Image generation: high fidelity editing

We’ve improved image generation in the API. Editing with faces, logos, and fine-grained details is now much higher fidelity with features preserved. Edit specific objects, create marketing assets with your logo, or adjust facial expressions, poses, and outfits on people. A guide on getting started: Generate images with high input fidelity.

14 Likes

Fantastic!

Would we expect this to improve “mask editing” performance? (e.g., more like a ‘hard mask’ than ‘soft’?)

1 Like

No changes to masking today (although we’re working on overall improvements)!

3 Likes

I have no doubt you are :slight_smile: Sounds good, thanks for the response and keep up the great work over there.

This is only regarding the edits endpoint, and concerns the vision input.

It costs more for the “vision” part of the image input used for replication, as now described:

For GPT Image 1, we calculate the cost of an image input the same way as described above, except that we scale down the image so that the shortest side is 512px instead of 768px. The price depends on the dimensions of the image and the input fidelity.

Conventional input image charges, then:

image

When input fidelity is set to low, the base cost is 65 image tokens, and each tile costs 129 image tokens. When using high input fidelity, we add a set number of tokens based on the image’s aspect ratio in addition to the image tokens described above.

  • If your image is square, we add 4096 extra input image tokens.
  • If it is closer to portrait or landscape, we add 6144 extra tokens.

More precisely, the additional cost per image is then:

  • exactly square: $0.041
  • non-square: $0.062

(“closer to portrait” is very fishy language when it comes to billing expectations)

Thus doubling the cost of a single image input, medium quality generation at 1024x1024 in/out. Or tripling cost with two input images.

1 Like

Incredible.

If someone asked me if this was going to be possible 2 years ago, I would say “absolutely not”.

Props to the OpenAI team.

@edwinarbus Well done - already using it…

There does appear to be a relationship between input_fidelity and mask editing, as follows:

If you set input_fidelity to ‘high’ and use a mask, the mask seems to allow the model to deviate more from the original input image within the area of the mask.

See the examples in the uploaded collage (which you may want to view and enlarge in a separate tab).

The images on the right were generated with high input_fidelity. Without a mask, the model apparently tries to change the wife into a Southeast Asian woman whose face resembles that of the original wife. With an editing mask, the model seems to be freer to generate various examples of Southeast Asian women’s faces.

I’ve seen a similar pattern in analogous cases, including one with image quality set to ‘high’.

It’s unclear how general this pattern is, and the behavior of the model is likely to evolve during the next few weeks and months. But some developers may already find it worthwhile to take this possible pattern into account.

2 Likes

With DALL-E 2, there are these mask options, where a transparency mask is the ONLY place an image can be edited.

  • RGBA 32 bit PNG, where the alpha channel has pixels of pure opaque or pure transparent (0 or 255)
  • A separate mask file that is RGBA, but only the alpha channel is considered, as if it was included in the input image as 32 bit.

Without a mask, it should have been impossible to alter the image, but that is not the way it works.

gpt-image-1 completely disobeys mask hinting and cannot provide anything unedited and not a re-creation. It also disobeys that an image should only be changed where there is a mask. OpenAI has not been forthcoming about the internal prompting and presentation of inputs and mask to the model (especially the context input of the Responses tool) so that one can target the actual way the image model is used.

The gpt-image-1 model should have been put on a new edit endpoint without any of the previous nomenclature or parameters.

You should try this with a mask that does not affect the RGB. It seems you also have deleted the original face, and replaced it with white. If so, the AI has no choice but to come up with a new face. Perhaps you’d get the equivalent by merely painting over the face with white and not using mask at all…

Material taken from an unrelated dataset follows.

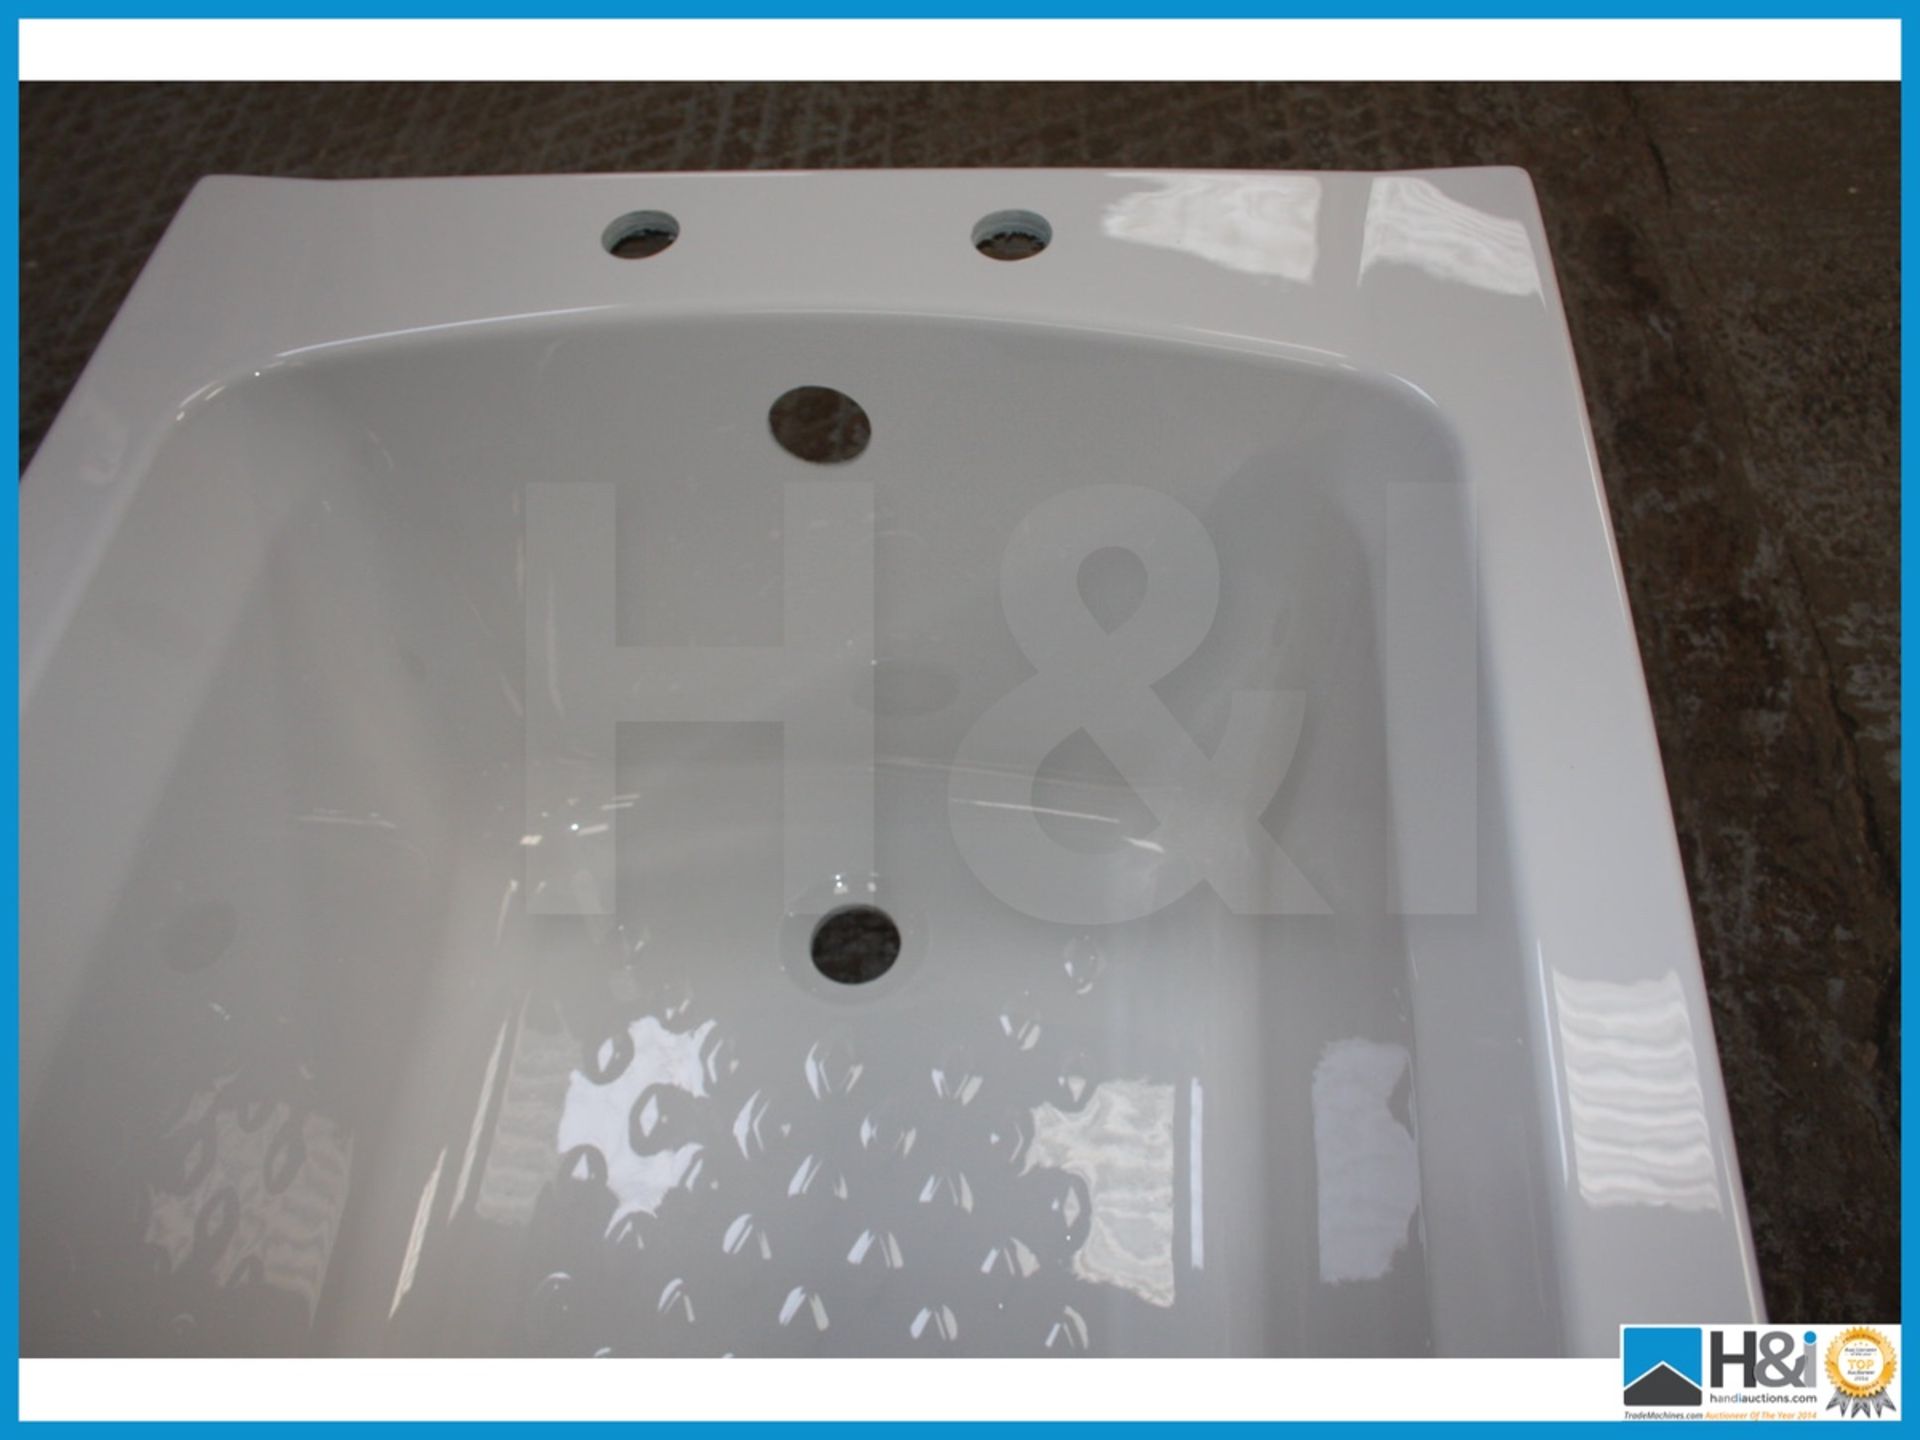 Jacuzzi elatus 1685 x 685 2 tap hole chrome grips new boxed rrp œ899 Appraisal: Viewing Essential - Image 2 of 5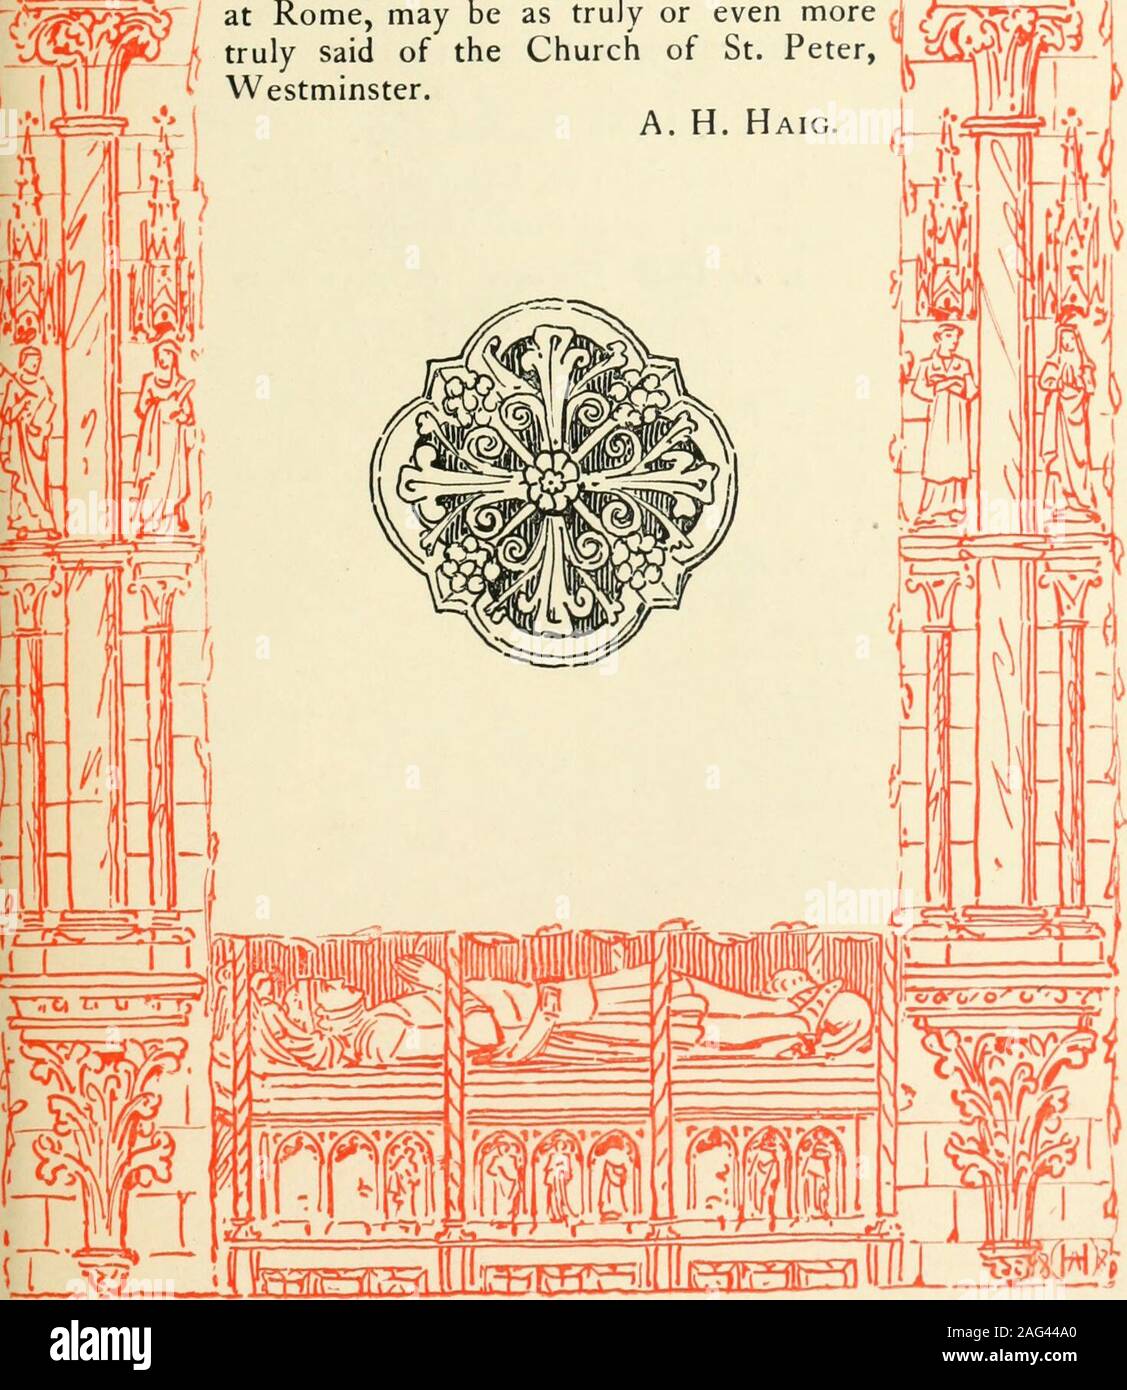 . Impressions of Westminster abbey, an illustrated text to accompany seven etchings. But thou, of temples old, or altars new,Standest alone—with nothing like to thee—Worthiest of God, the holy and the true.Since Zions desolation, when that HeForsook His former city, what could be.Of earthly structures, in His honour piled,Of a sublimer aspect ? Majesty,Power, glory, strength, and beauty, all are aisledIn this eternal ark of worship undefiled. ^ tlZzS^^. And possibly a time will come when these ]^ T^^ *^^^yS^ i.ny y (i words, applied to St. Peters great church v^jtr t&gt;r^7^^^^ ; at Rome, may Stock Photo

What I want to know: since you get only billed 4k or 6k tokens additional regardless of the input size, with that token count indicating “patches” of 1024x1024 or 1024x1536 → what is the actual resizing being done, is there also upscaling to fit, and how is it padded out so that “closer to square” works on an image that is still rectangular? What is the optimum and maximum useful image that can be sent? (without “high fidelity”, it is pointless to send a lossless wide image taller than 512px, for example).

For clarity, I reaffirm that the editing mask mentioned in my previous post is transparent in the places that look white in the collage; and that it was submitted alongside the input image as the value of the “mask” parameter (the original image being the value of the “image” parameter).

But it’s true that you can get a similar result by painting over the parts that you don’t want changed instead of providing a mask for them. In the collage below, the editing mask from the previous examples was submitted as the value of the “image” parameter, without any editing mask; and the same prompt was used as before. The results look similar to those achieved with the image + editing mask combination in the sense that, in both cases, the model appears not to have tried to imitate the facial features of the original wife (which would have been impossible in this latest case, since the original image was not supplied via the API).